To solve this problem, we can use the equation Q = m * c * ΔT, where Q is the heat transferred, m is the mass of the water, c is the specific heat capacity of water, and ΔT is the temperature change.
First, let's calculate the initial temperature of the water. We know that 2 kW of power is supplied to the heater for 10 minutes, so the total energy supplied is:
E = P * t = 2 kW * 10 min * 60 s/min = 1200 kJ
This energy is transferred to the water, so we can set Q = E and solve for the initial temperature:
Q = m * c * ΔT
1200 kJ = 5 kg * 4186 J/(kg*K) * ΔT
ΔT = 57.4 K = 57.4°C (since the temperature change is in degrees Celsius)
So the initial temperature of the water is 57.4°C.

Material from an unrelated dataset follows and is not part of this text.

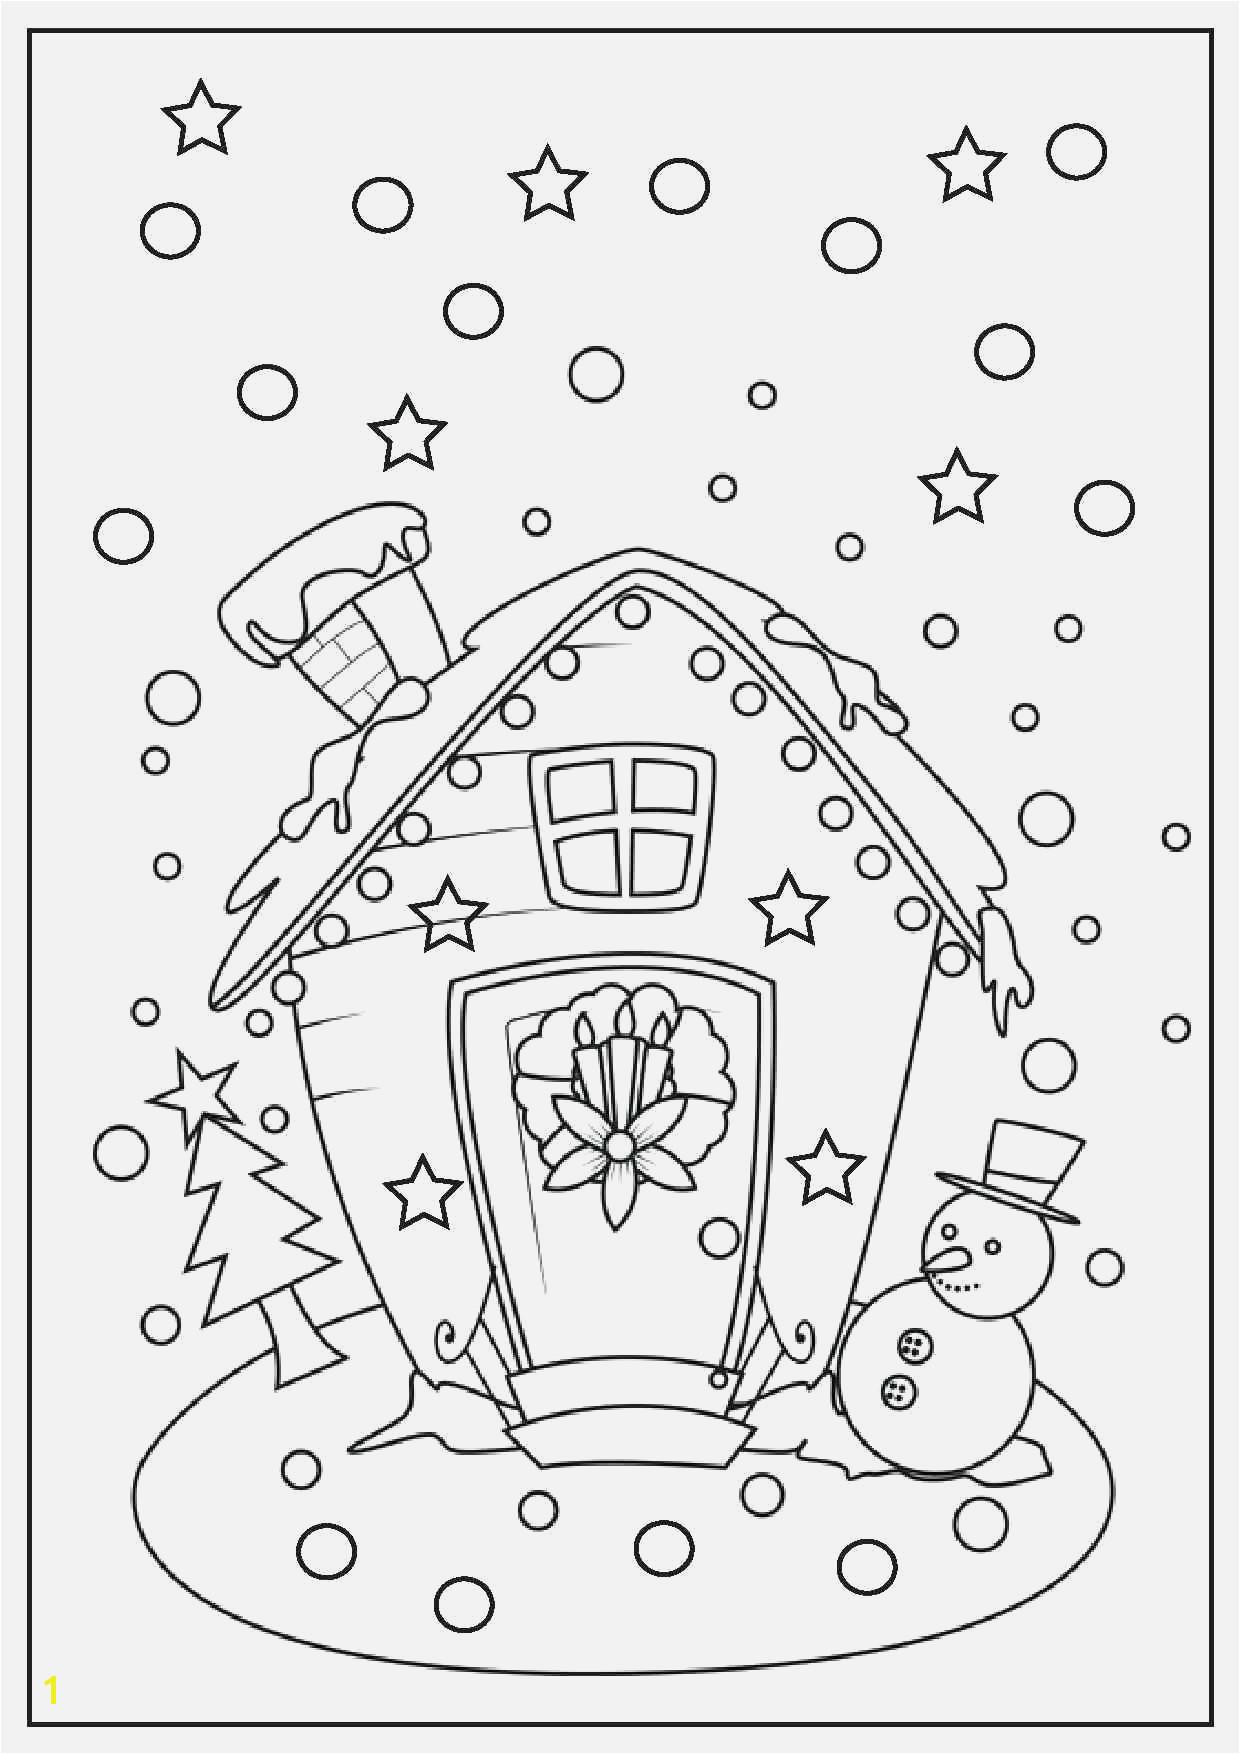 Spongebob Coloring Pages Printable Coloring Pages Coloring Pages Christmas Unique Picture Coloring Line Elegant Color
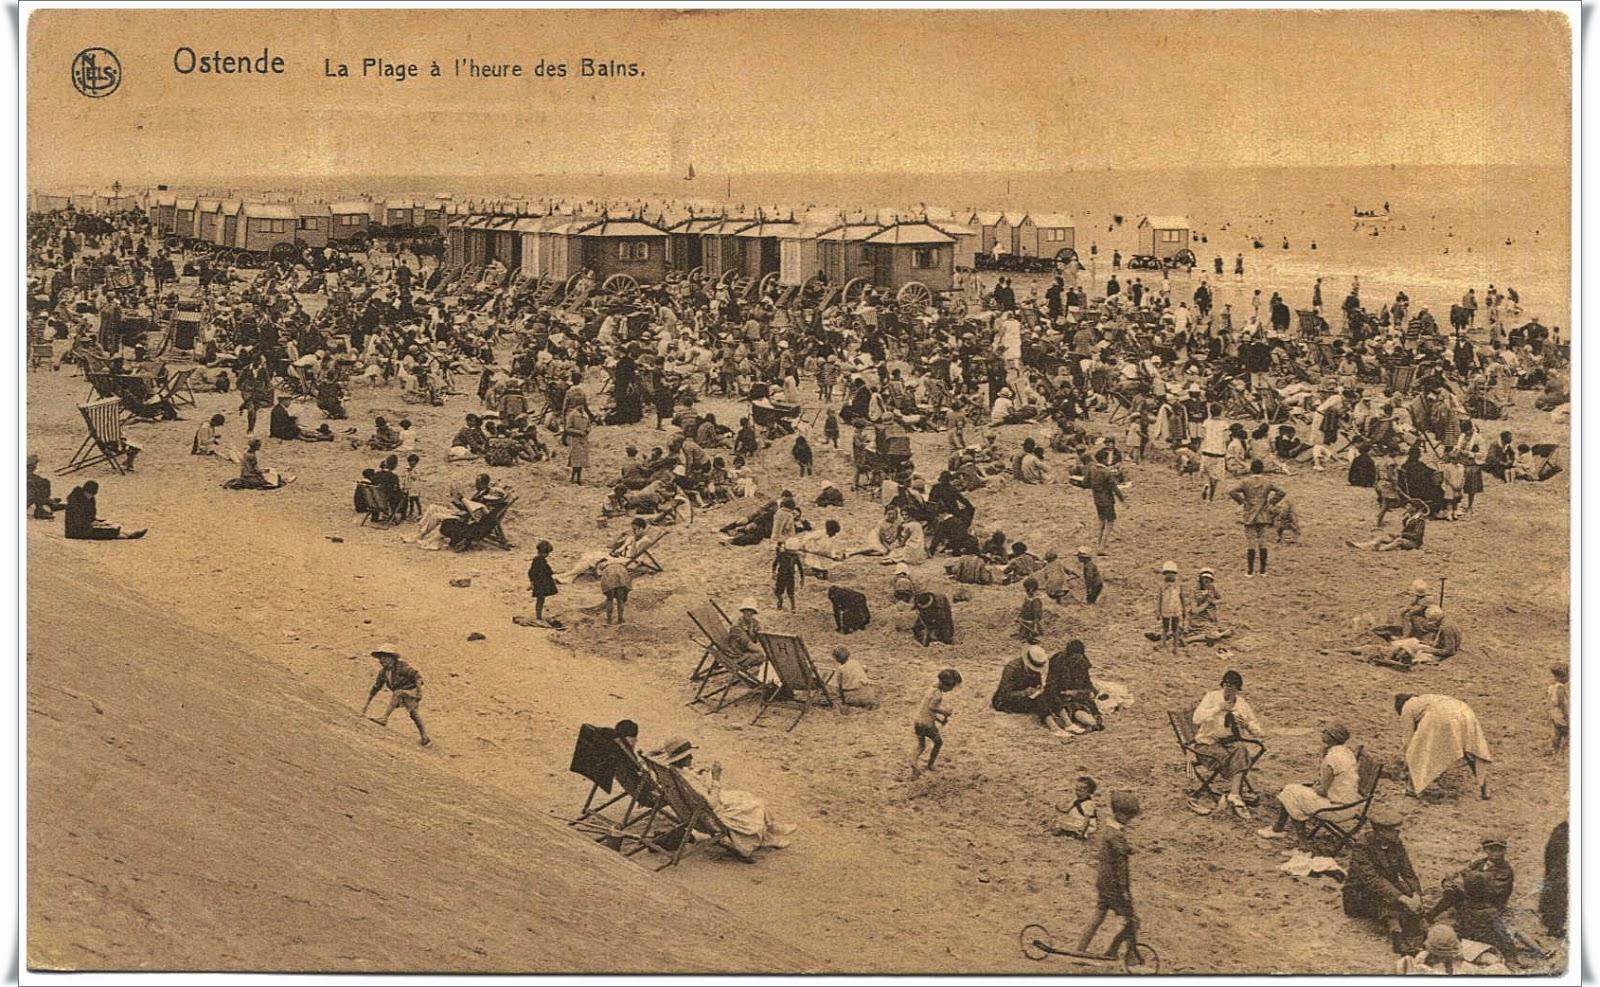 Ostende La Plage a l'heure des Bains in 1920s

Now we can use the same equation to find the final temperature of the water, knowing that 300 kJ of heat is lost:
Q = m * c * ΔT
Q = (5 kg) * (4186 J/(kg*K)) * ΔT
Q = 20,930 J * ΔT
Since 300 kJ of heat is lost, we can write:
Q = E - 300 kJ = 900 kJ
Substituting this into the equation, we get:
900 kJ = 20,930 J * ΔT
ΔT = 43.0 K = 43.0°C (rounded to one decimal place)
So the final temperature of the water is 57.4°C + 43.0°C = 100.4°C.
Therefore, the answer is (c) 0.4oC, which is the temperature rise of the water during the process.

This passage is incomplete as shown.